Producenci warzyw i owoców znów zapowiadają blokady dróg.
Dotychczasowe rozmowy z ministrem rolnictwa Krzysztofem Jurgielem nie przyniosły oczekiwanych skutków. Decyzjęo o kolejnych strajkach podjęto na spotkaniu w Błaszkach (woj. łódzkie), w którym wziął udział Jarosław Sachajko, szef sejmowej Komisji Rolnictwa i Rozwoju Wsi.
Jego organizatorem było Stowarzyszenie Polskich Producentów Ziemniaków i Warzyw. Było to już kolejne z podjętych kroków przez organizację, które ma na celu zmusić ministerstwo rolnictwa do działań w sprawie polepszenia cen płodów rolnych oraz kontroli importowanej żywności. W marcu miały miejsce nie tylko spotkania na wsiach czy w gmachu resortu rolnictwa, ale i protesty na drogach. Tuż przed spotkaniem gospodarze pokazali posłowi Sachajce swoje produkcje, w tym chłodnie pełne warzyw oraz pola ziemniaków przykryte folią, co obrazuje skalę problemu. Zebrani na sali podjęli decyzję, że znów wyjdą na ulicę.

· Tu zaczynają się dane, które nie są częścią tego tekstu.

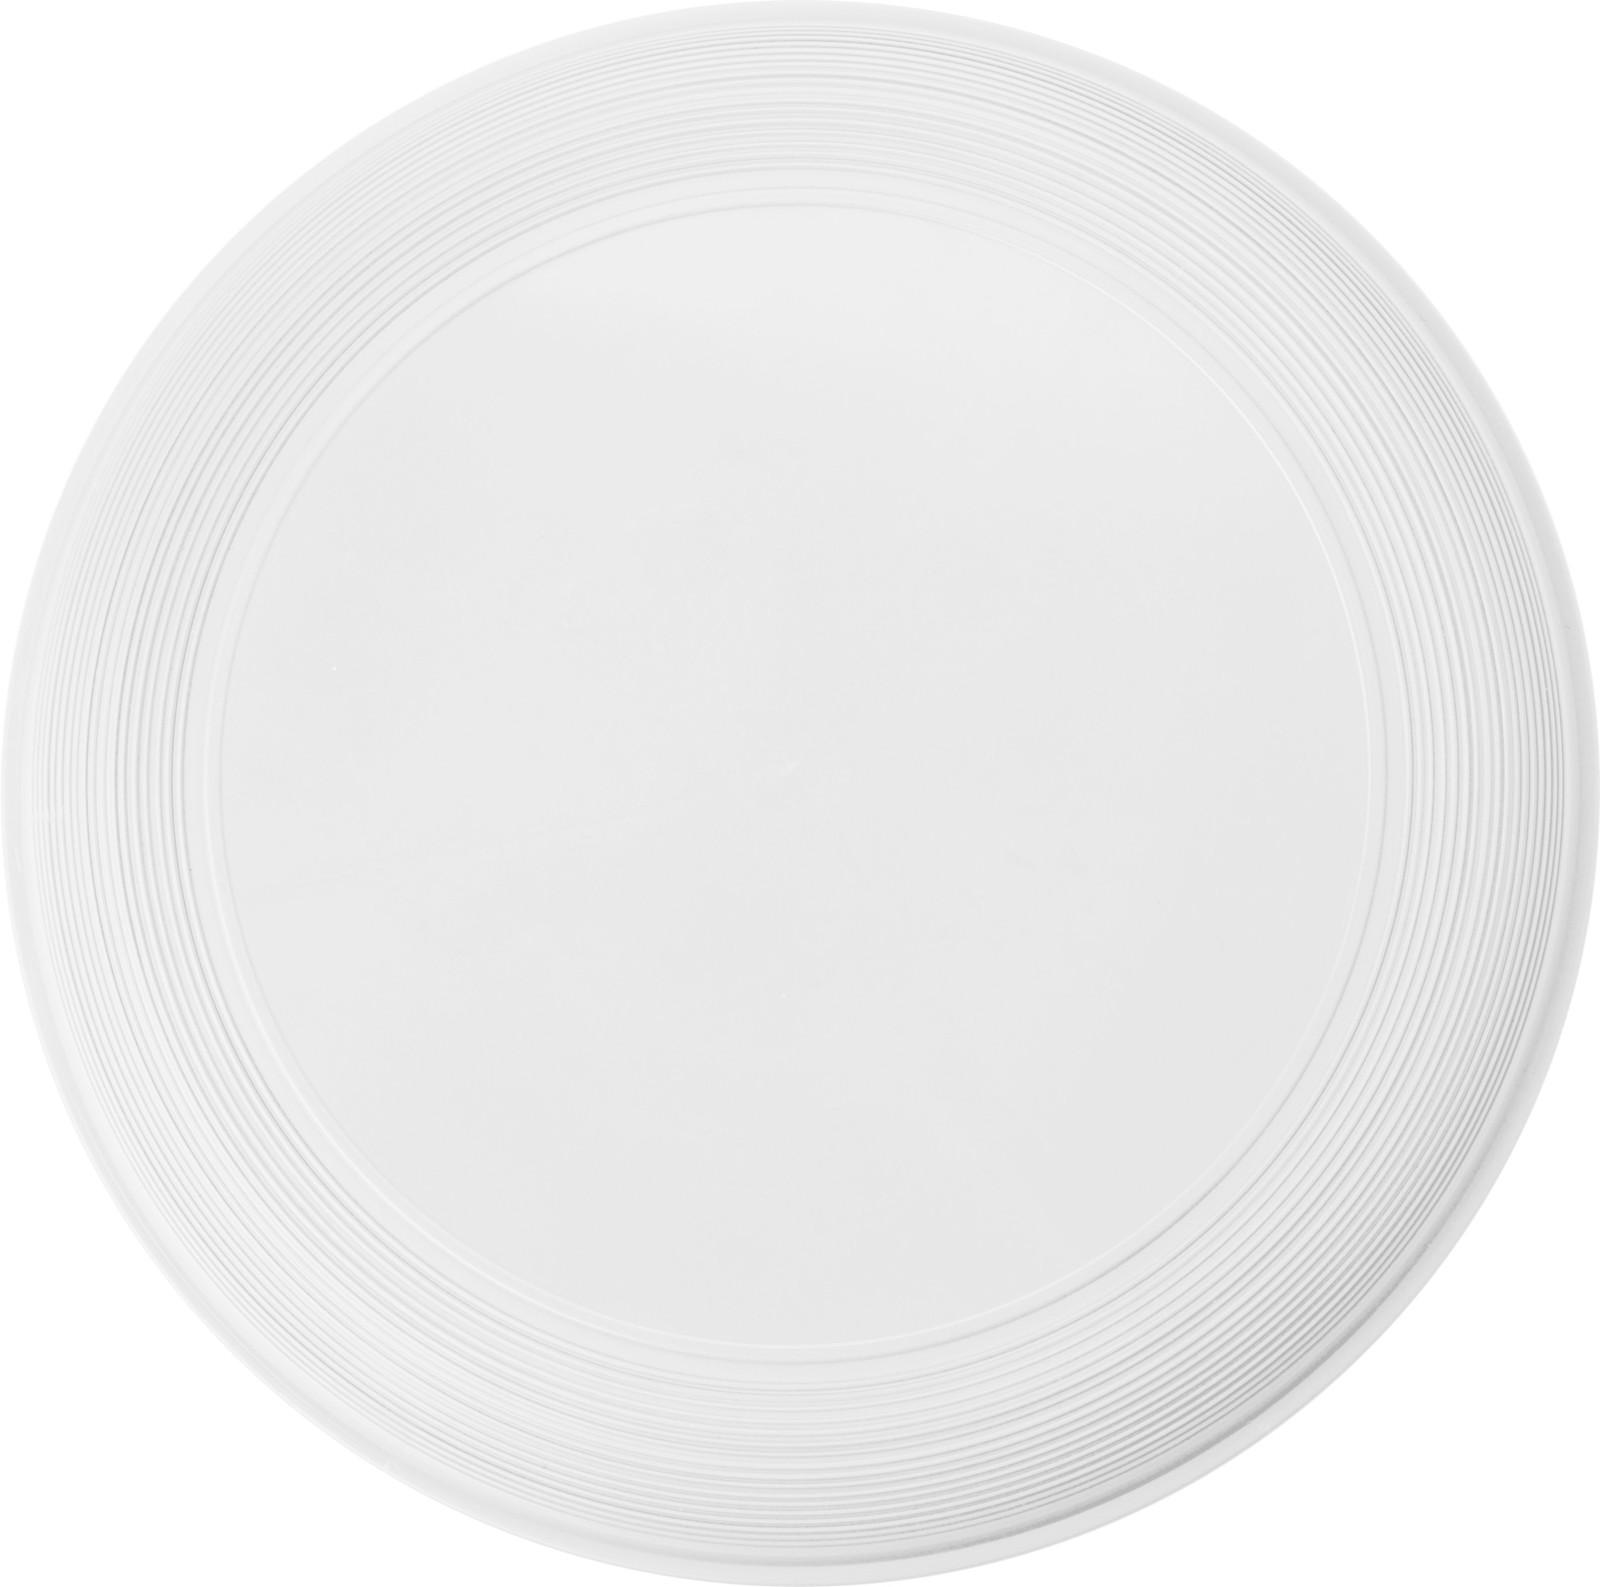 PP Frisbee - White

Dlaczego producenci rolni protestują? Sprawdź TUTAJ
Dotychczasowe działania prowadzone przez ministerstwo i służby, ich zdaniem, to tylko gra pozorów. Michał Kołodziejczak, przewodniczący organizacji zaznaczył, że rząd obiecał wprowadzenie kontroli fitosanitarnej importowanych do Polski warzyw i ziemniaków. I choć przeprowadzono 400 takich kontroli, żadnych nieprawidłowości nie wykazano. Producenci przypuszczają, że właśnie po to, by nie drażnić zachodnich koncernów.
- Na jednym z oficjalnych spotkań usłyszeliśmy od szefa służb, że nie chcą wywoływać wojny handlowej z Zachodem Europy. To oznacza, że w obronie polskiej produkcji nic nie zrobią? - powiedział Michał Kołodziejczak.